### Task requirements
The answer must consist solely of the lines below starting at the one containing "Apulien Golf Resort" and ending at the one containing "PANTONE 8463 C - Colorxs Trilogy Palette", repeated exactly, with both ends included and all pictures omitted.

=== Entries provided ===

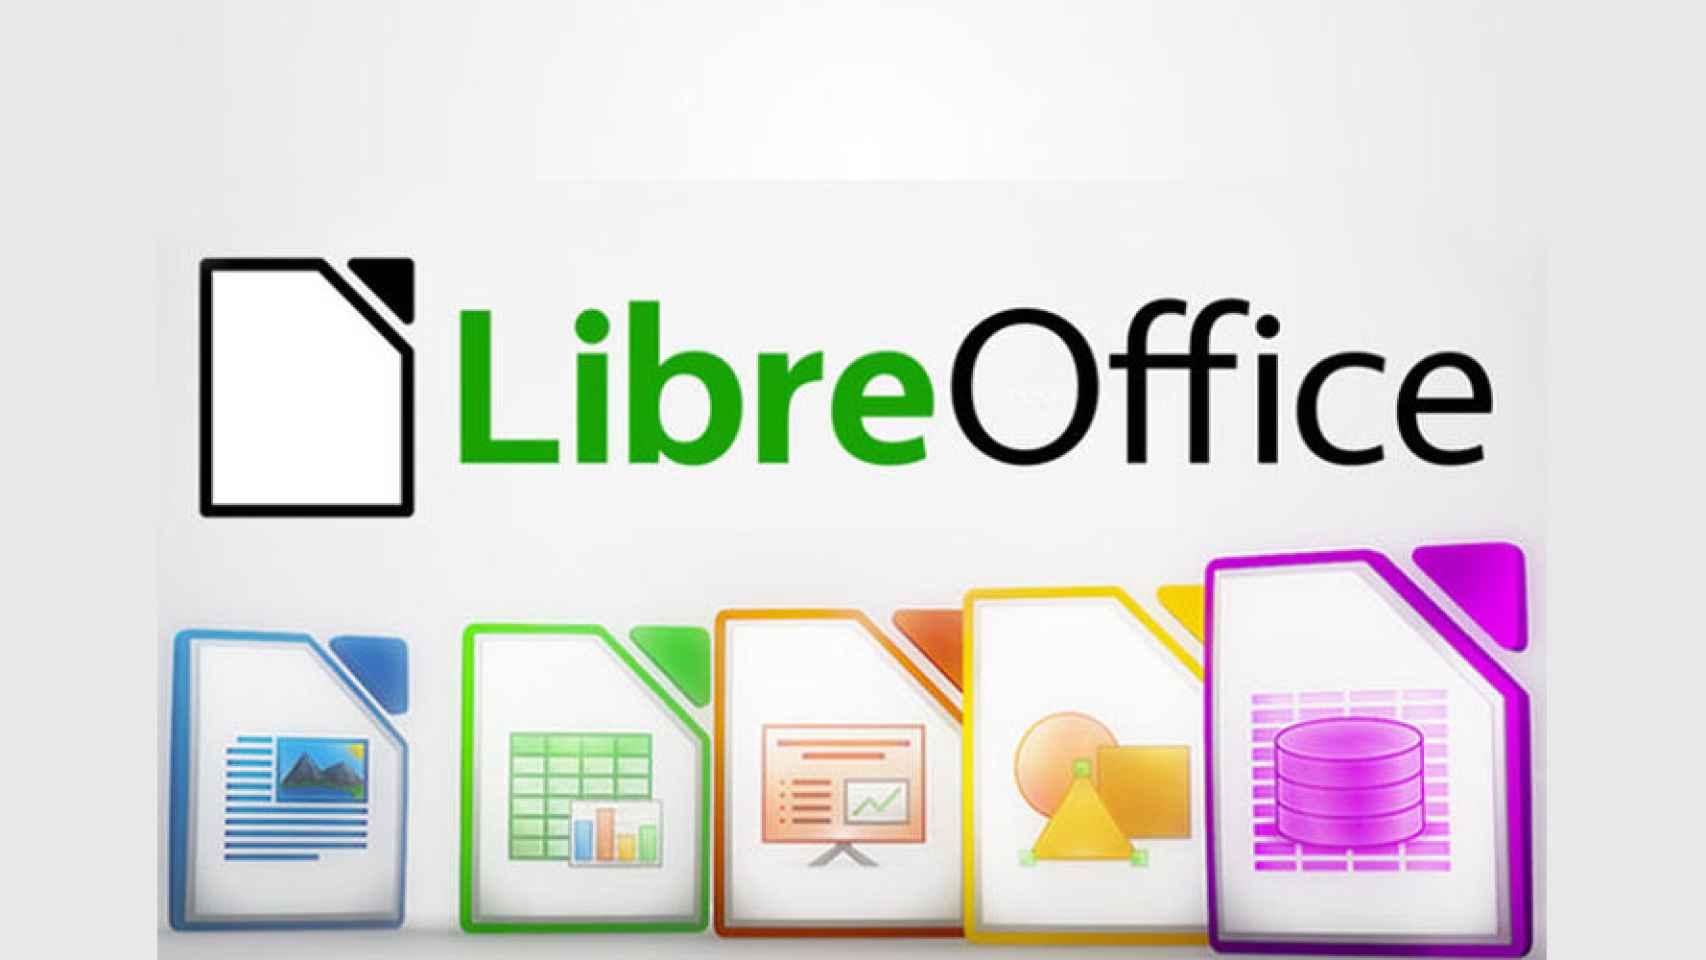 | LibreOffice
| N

===
=== Entries provided ===

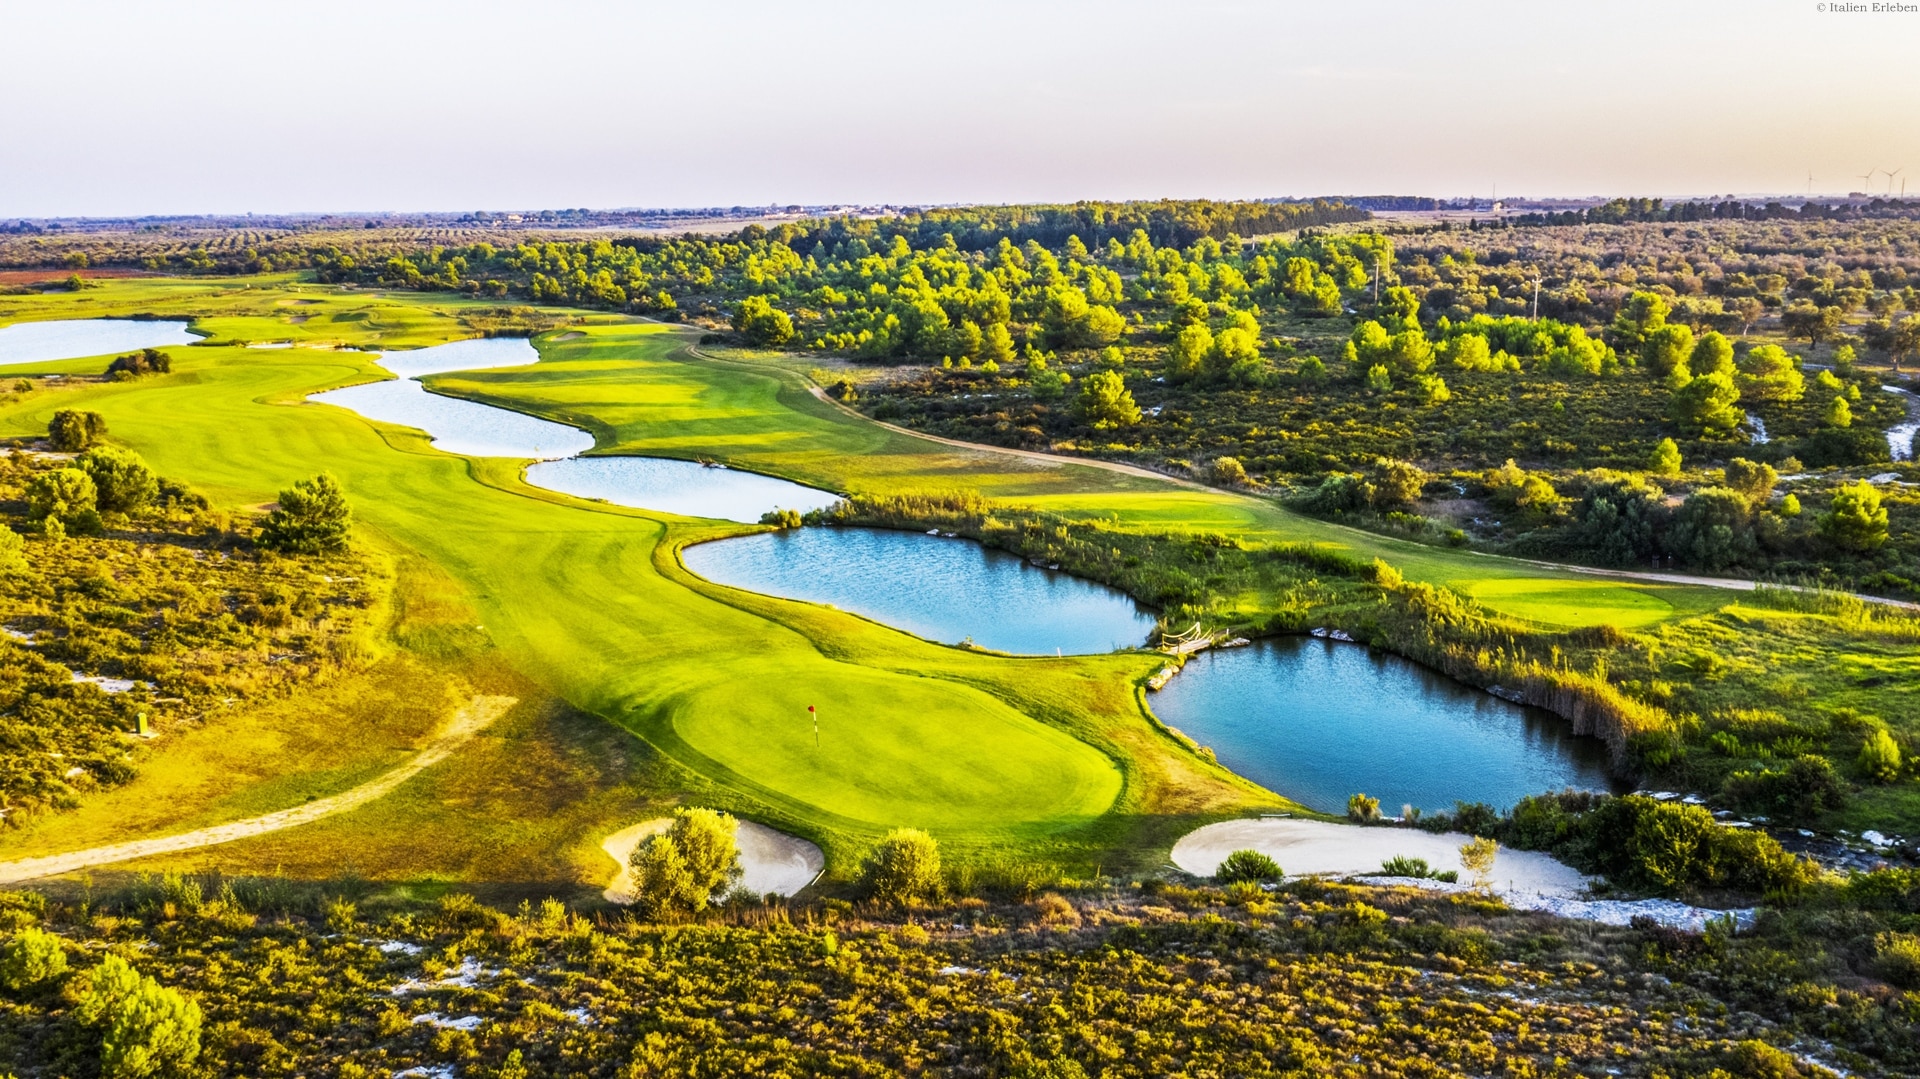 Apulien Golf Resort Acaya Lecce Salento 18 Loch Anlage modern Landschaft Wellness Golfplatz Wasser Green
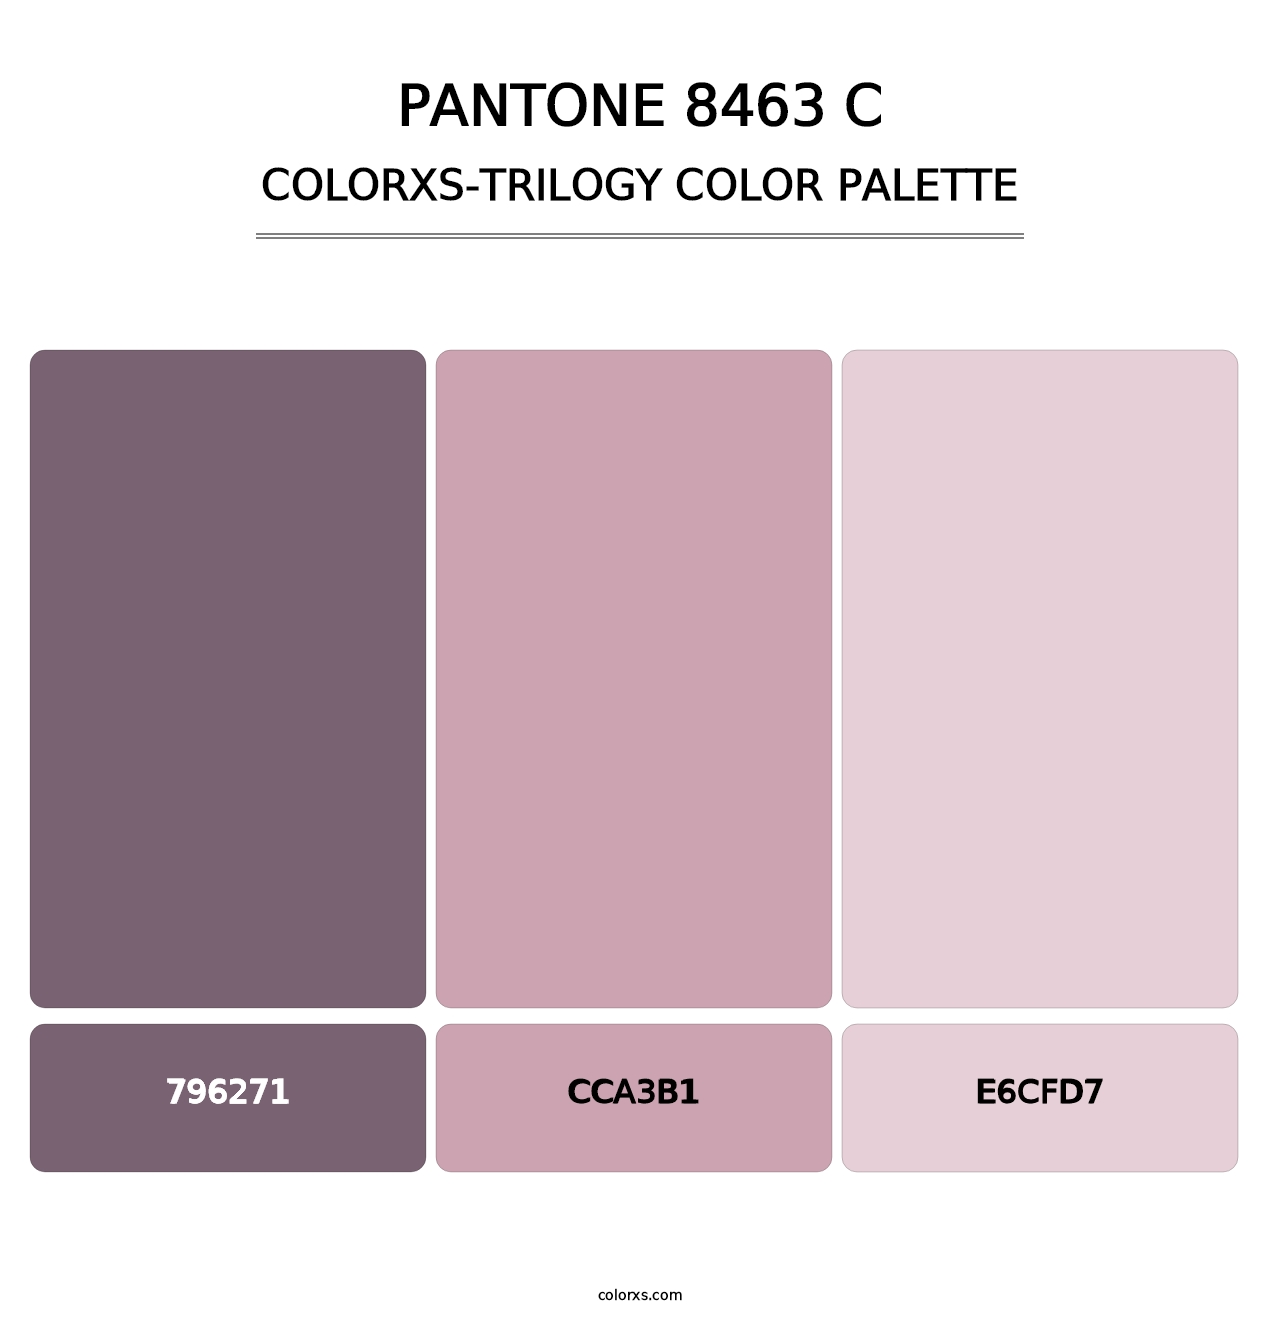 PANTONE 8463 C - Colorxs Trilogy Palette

===
=== Entries provided ===

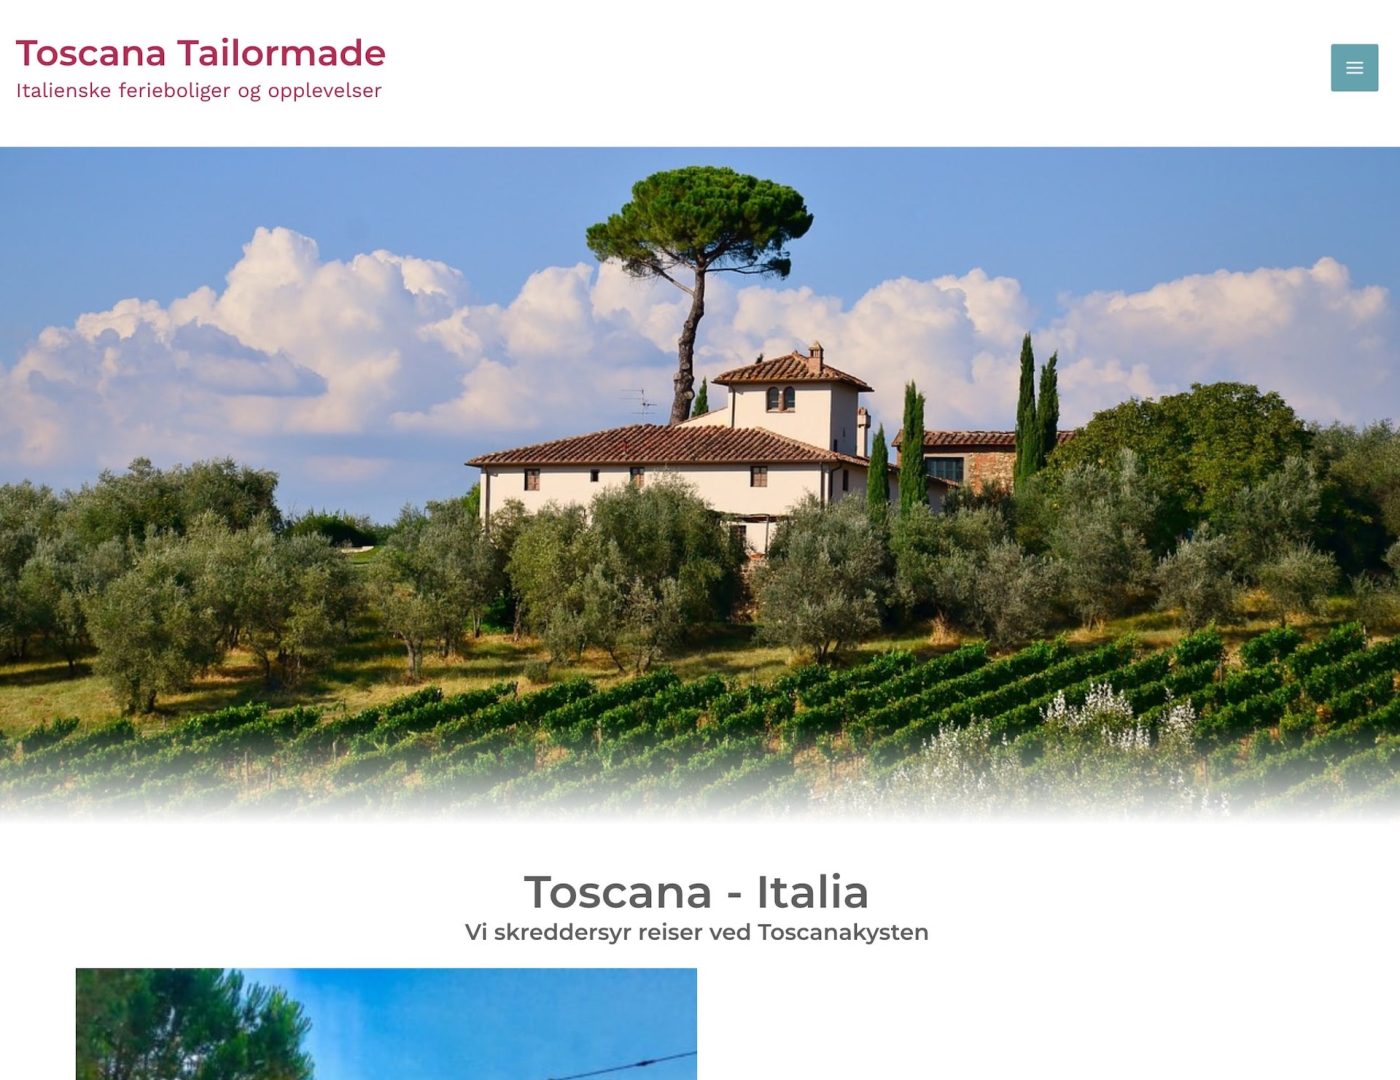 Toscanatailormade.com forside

===

### Completed exercise
 Apulien Golf Resort Acaya Lecce Salento 18 Loch Anlage modern Landschaft Wellness Golfplatz Wasser Green
 PANTONE 8463 C - Colorxs Trilogy Palette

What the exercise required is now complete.